Just wanted to chime in that as active users of the v3 client, we actually rely on the ability to ack messages ourselves. Don't mean to derail the thread or insinuate that supporting such a feature is necessary, but fwiw our perspective is that paho is simply a library we use to write our own client.

@fracasula
Copy link
Contributor Author

@alsm thanks for getting back to me, all this has been very informative for me so far 🙇

In regards to the spec you quote, I'm not sure I understand them fully, let's see if you can help me out a bit:

The Client MUST NOT delay the sending of any packets other than PUBLISH packets due to having sent Receive Maximum PUBLISH packets without receiving acknowledgements for them [MQTT-3.3.4-8]. The value of Receive Maximum applies only to the current Network Connection.

Am I correct in assuming that if the Client is merely consuming and not publishing anything (thus not sending any PUBLISH packets) then the condition does not apply? I'm referring to the fact that it must not delay packets due to having sent PUBLISH packets, so if it doesn't send them then the rule doesn't apply? Not sure it's that simple though but if that is the case then that's kind of the thing that I'm trying to build, an MQTT bridge to Apache Pulsar.
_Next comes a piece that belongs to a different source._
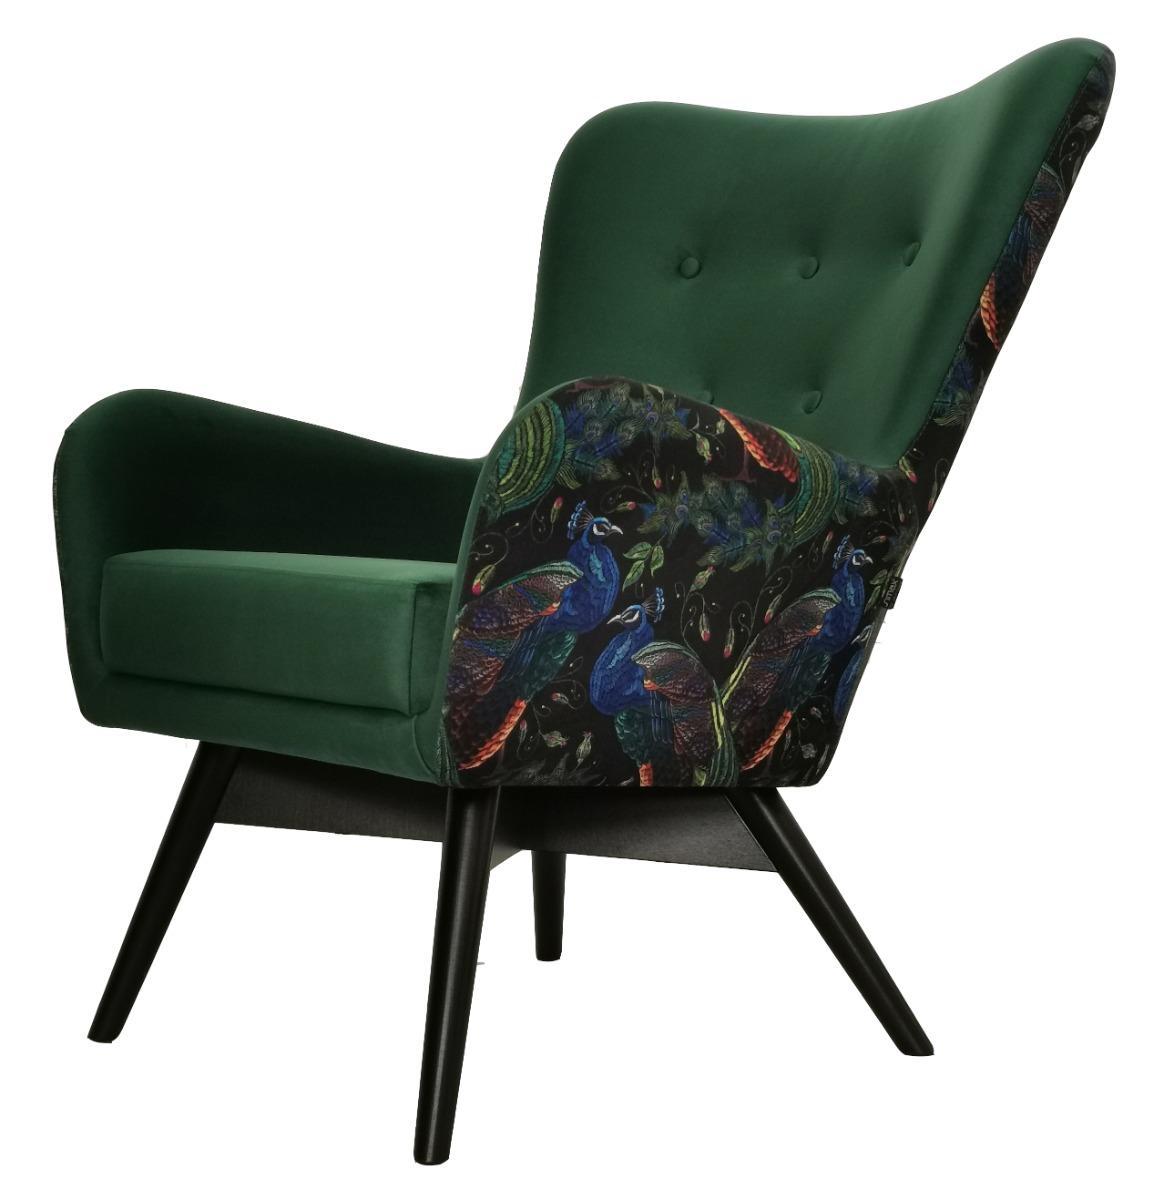 Fotel skandynawski GRANDE 80x93x80 cm zielony we wzory pawie do salonu nr. 1

Anyway, sorry for the little digression, I just wanted to make sure that I'm getting this right. Thanks again and in the meantime I'll wait for you to get back to us.

@alsm
Copy link
Contributor

alsm commented Mar 31, 2021

Discussing this with @icraggs I am happy for this to go in, it matches the way the paho C client handles this situation. Looking at the code I wonder if routePublishPackets() should be doing a select on c.stop as well, if the channel has packets in but the client is disconnected do we want to continue to process the the already received messages? Unacked messages will be resent by the server when the client reconnects. I've just noticed I'm not actually waiting on the client waitgroup to return, but I should and when I add that waiting for processing of received messages to complete could block notification that the client is disconnected.

@alsm
Copy link
Contributor

alsm commented Mar 31, 2021

Am I correct in assuming that if the Client is merely consuming and not publishing anything (thus not sending any PUBLISH packets) then the condition does not apply? I'm referring to the fact that it must not delay packets due to having sent PUBLISH packets, so if it doesn't send them then the rule doesn't apply? Not sure it's that simple though but if that is the case then that's kind of the thing that I'm trying to build, an MQTT bridge to Apache Pulsar.
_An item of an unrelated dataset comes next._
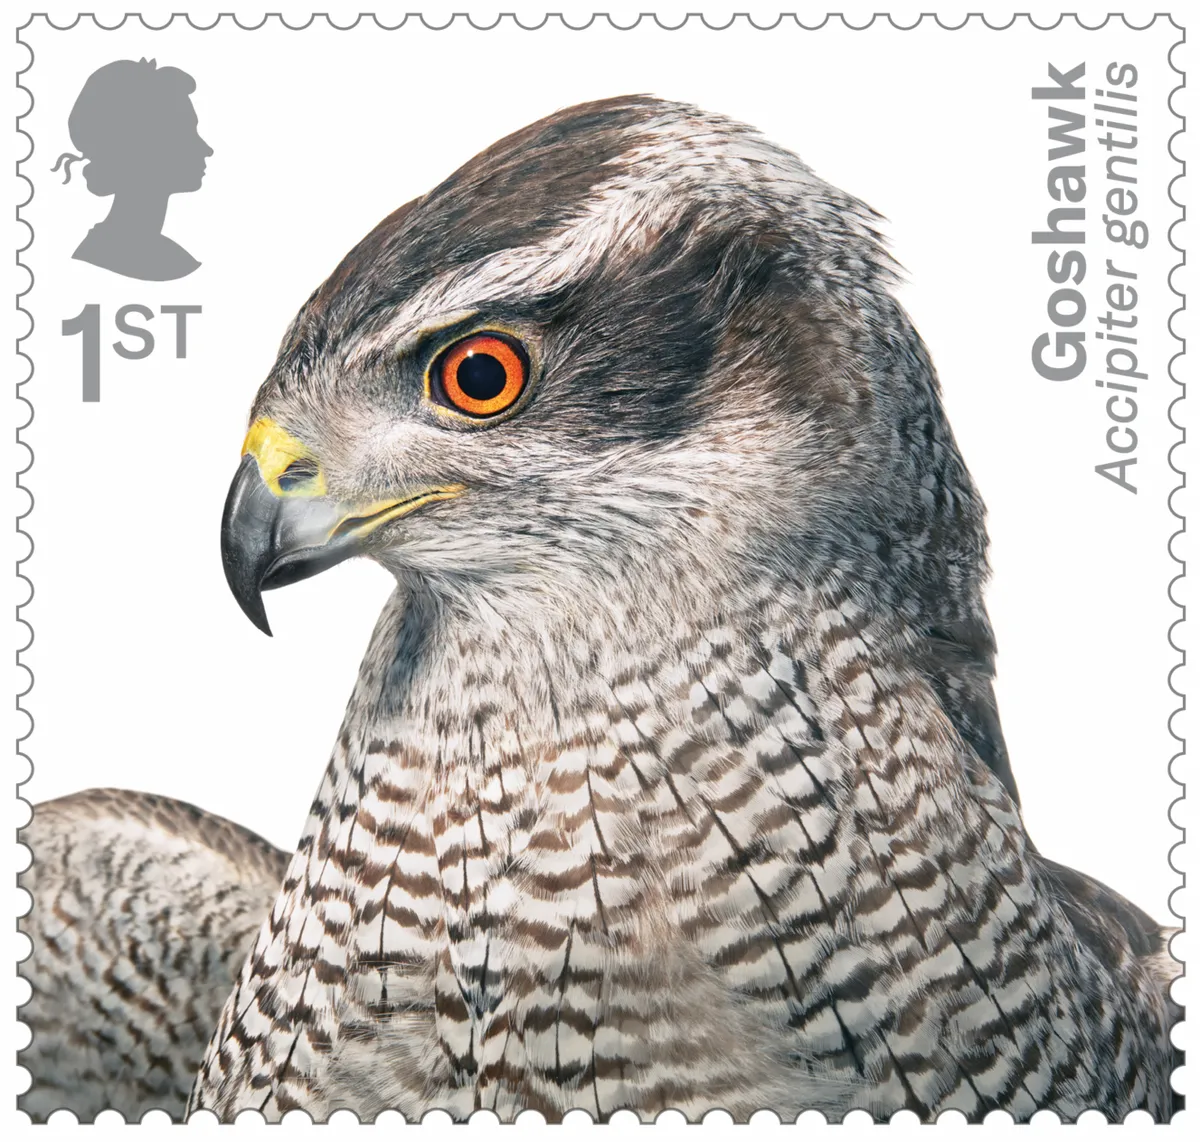 Birds of Prey Goshawk 400% stamp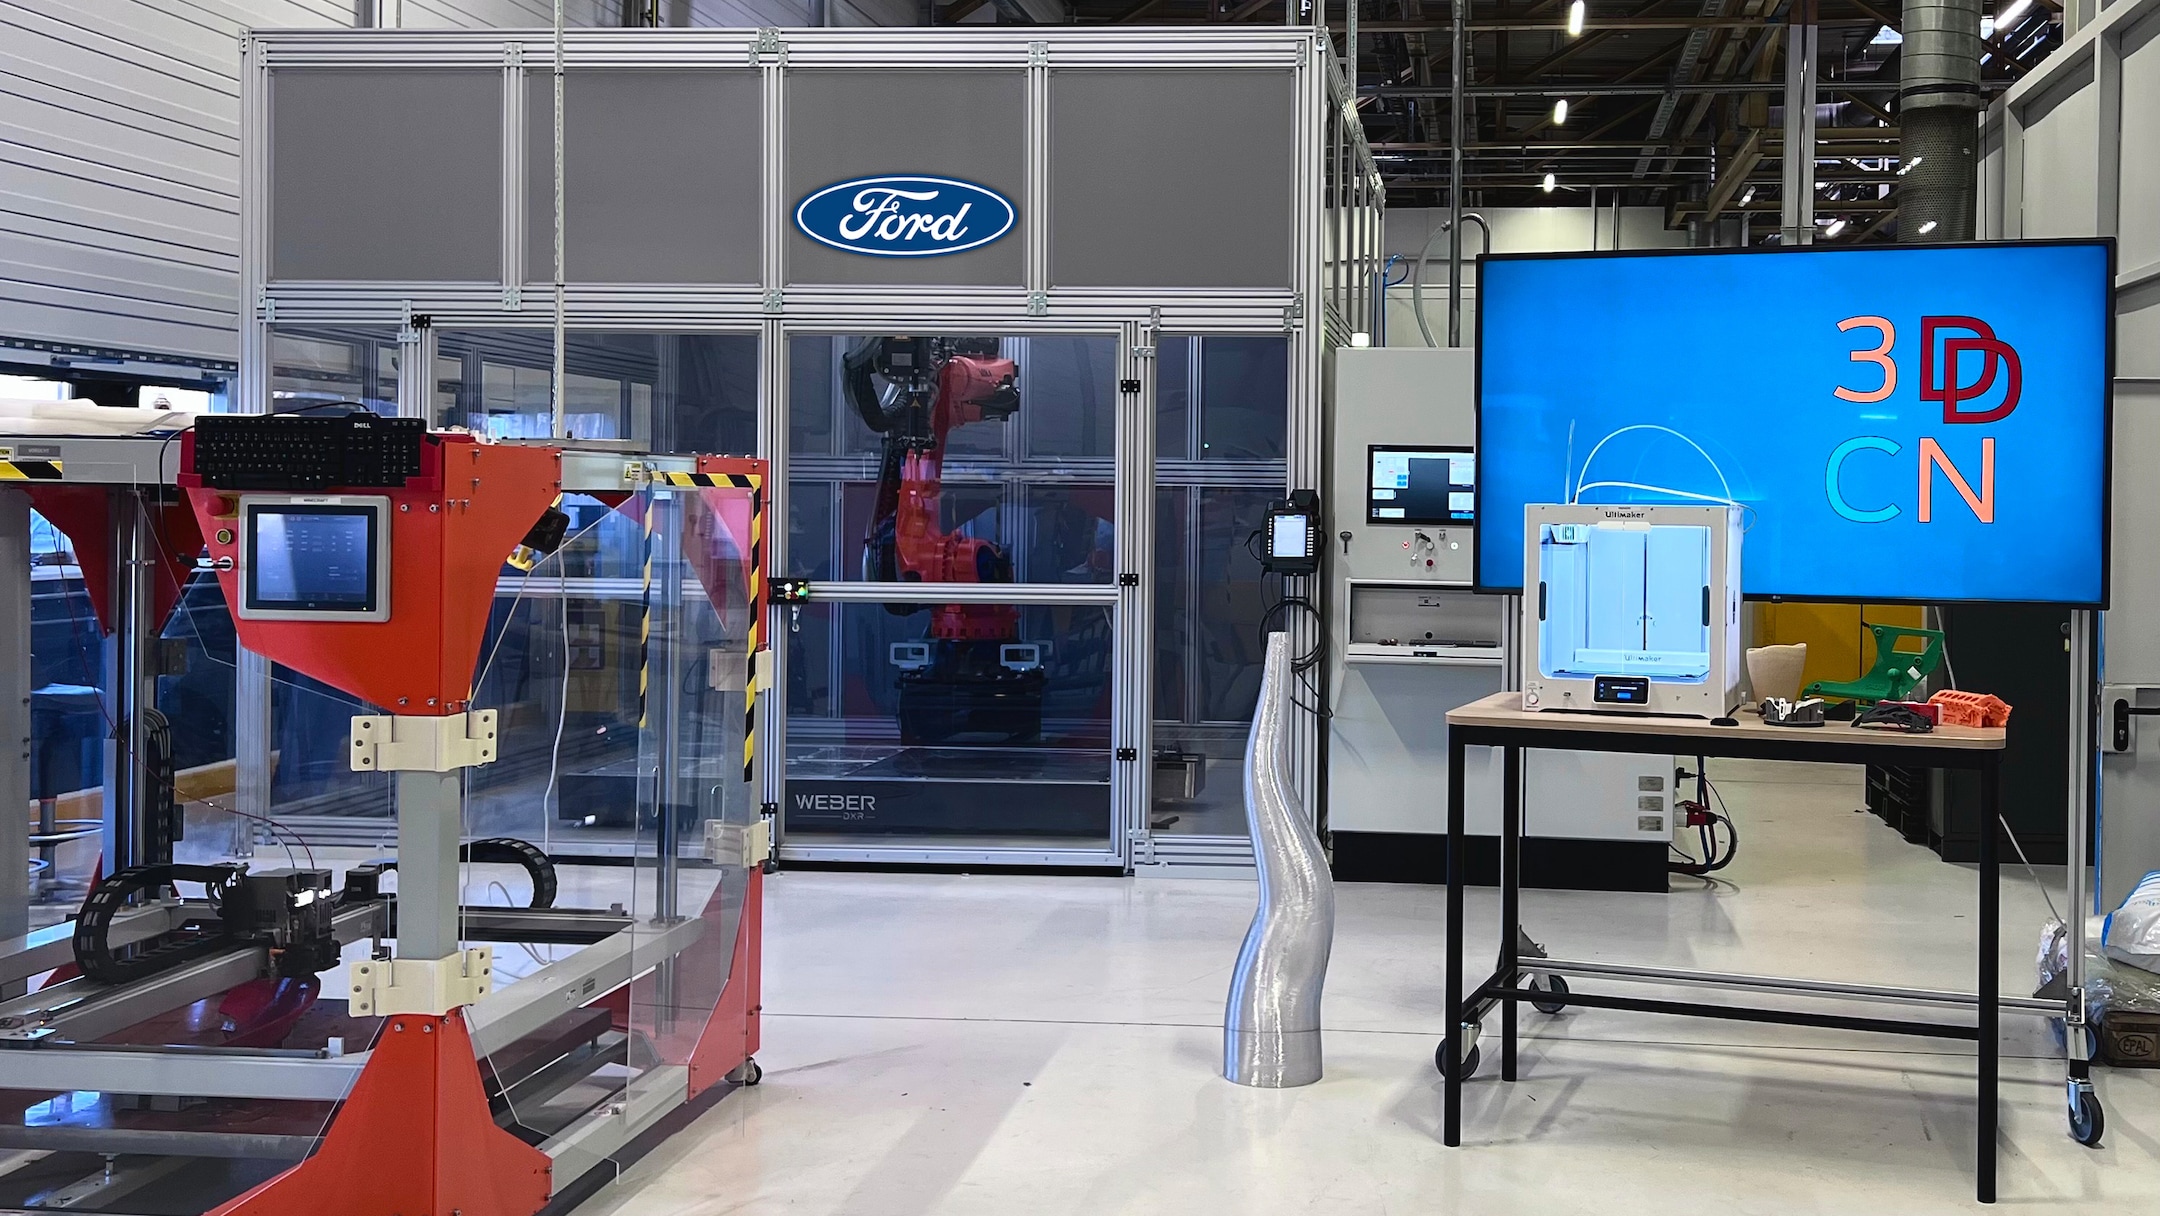 Ford 3D printer

Anyway, sorry for the little digression, I just wanted to make sure that I'm getting this right. Thanks again and in the meantime I'll wait for you to get back to us.

It seems not everyone reads this section the same way :) I read it as "The client must not delay the sending of any packets, other than publish packets that want to be sent but cannot due to there being receive maximum publishes already inflight with the server."
@icraggs - "I read that spec statement as referring to the receive maximum limit, making it clear that it applies to PUBLISH packets only, not PUBACKs, PUBRECs, PUBRELs or PUBCOMPs. I do think however there is a question of ordering, that the ack for a message shouldn't be delayed so long that the ack for a subsequently received PUBLISH is sent first, at least not routinely."

With Ian's reading it doesn't seem to be applicable to your case at all.

@fracasula
Copy link
Contributor Author

Discussing this with @icraggs I am happy for this to go in, it matches the way the paho C client handles this situation.

That's great to hear @alsm!

Looking at the code I wonder if routePublishPackets() should be doing a select on c.stop as well

It makes sense yeah, I pushed some more changes that make the routine exit on <-c.stop.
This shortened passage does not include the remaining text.